The Isolation of Illness

Another morning and another time when I am not sure what to write. The house is exploding in a cacophony of noise and chaos. I stayed in bed longer than I should because I wasn’t feel my best this morning. I have been sick for the past few weeks and have spent far too much time with myself. I understand no one wanting to be around me, and not being able to be around others, but I miss human companionship.

I would just like a hug even if it means I infect the entire human race. Yesterday I had my first ever telehealth appointment, and it lasted a grand total of three minutes. Sometimes I wonder what doctors and nurses think when patients are pretty much diagnosing themselves.

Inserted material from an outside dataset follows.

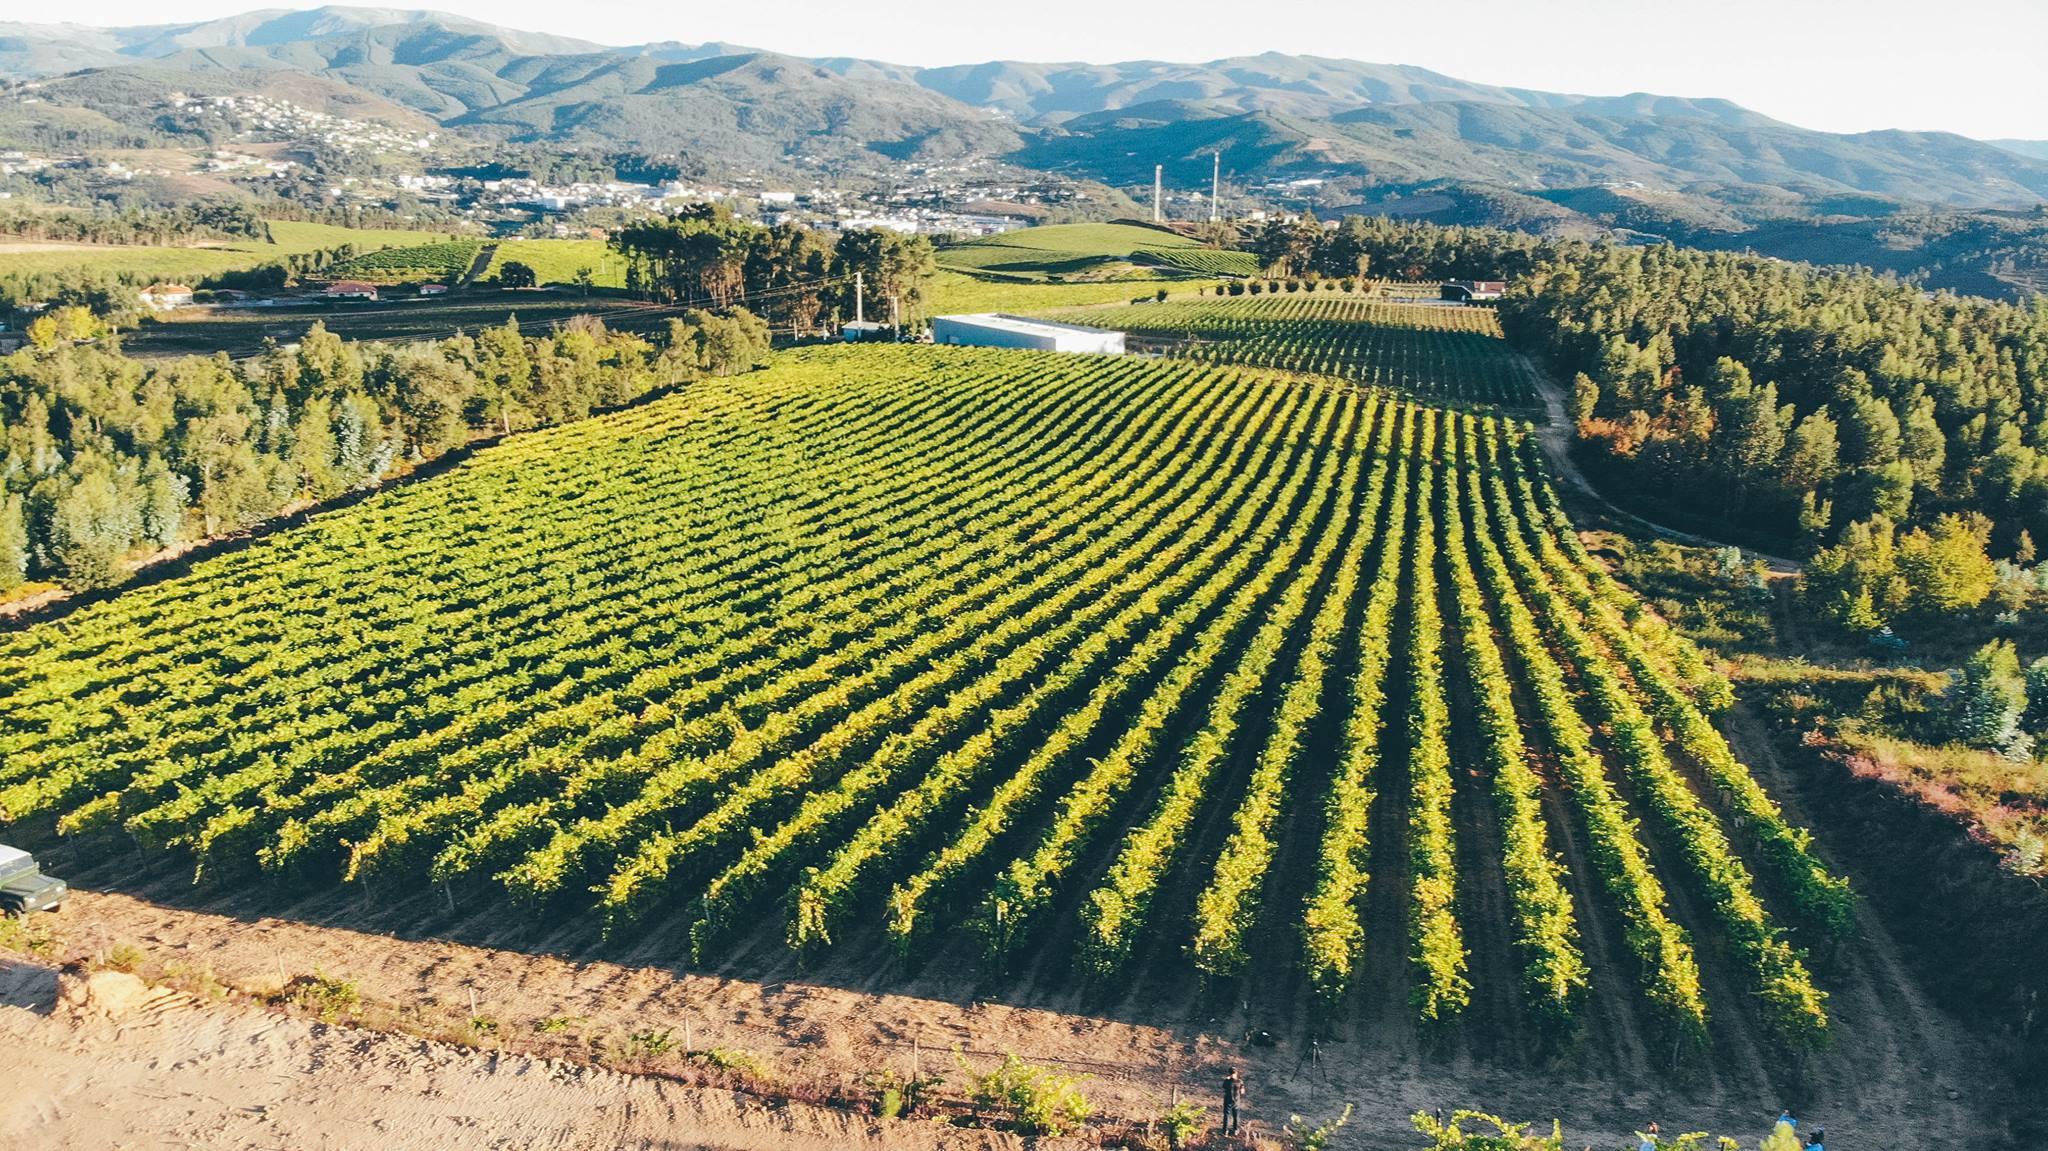 quinta da raza lush vineyard near winery in lovely portugal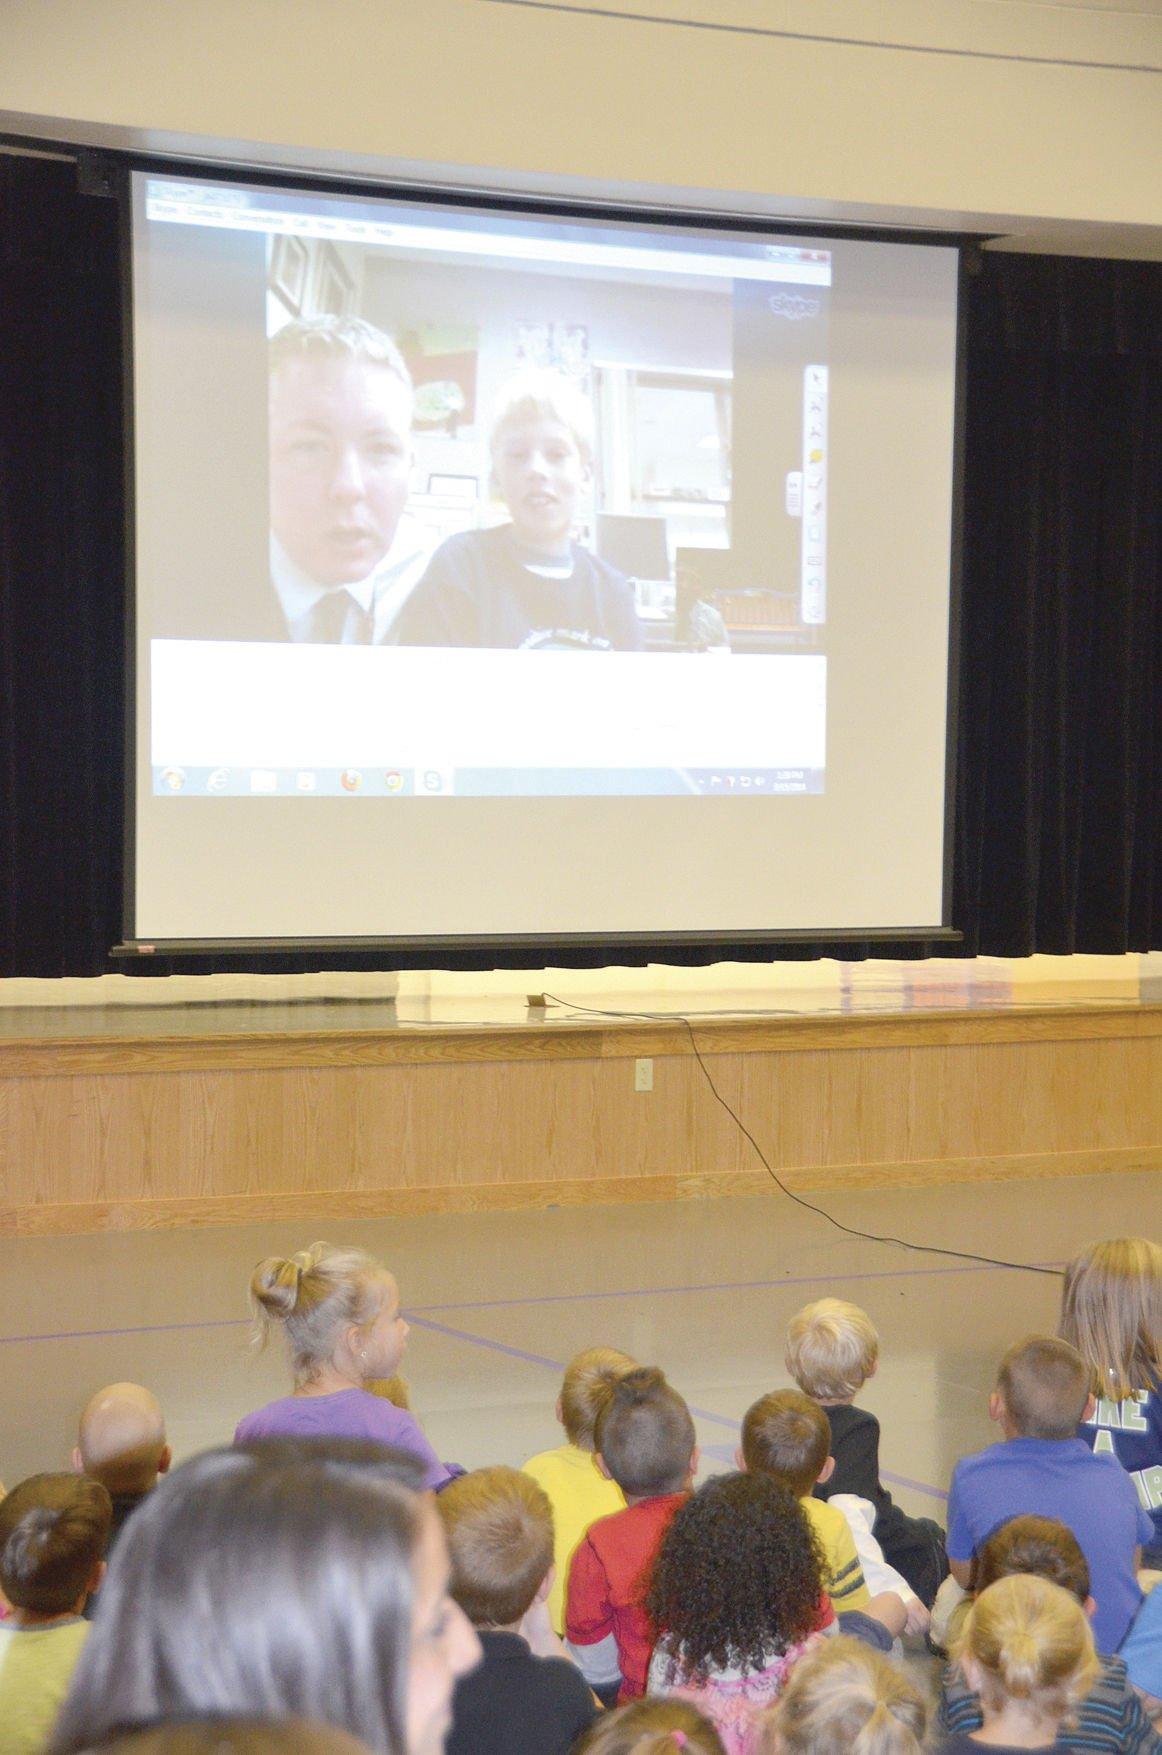 Danville Middle School dedicates Buddy Bench to school friend lost

The entire session was me explaining how an allergic reaction to ragweed became a respiratory infection which then led me to the urgent care and then to getting prescribed Prednisone which let in a bacterial infection and that is where we were. Now I am on antibiotics and hoping they slowly murder every germ in my body.

At this point I am unconvinced if it will actually work of if it will lead to something else. I am still in a weakened state and not feeling my best. The antibiotics made me feel tired last night. Tired enough to go to bed but not tired enough to fall asleep. Which gave me even more time to lay there alone.

Today is a wonderful day where my kids will be in school, and my wife will be in a day full of meetings. I won’t see anyone again. Tuesdays and Thursdays are my days off, but I am kind of tired of days off, and wouldn’t mind getting to be around people.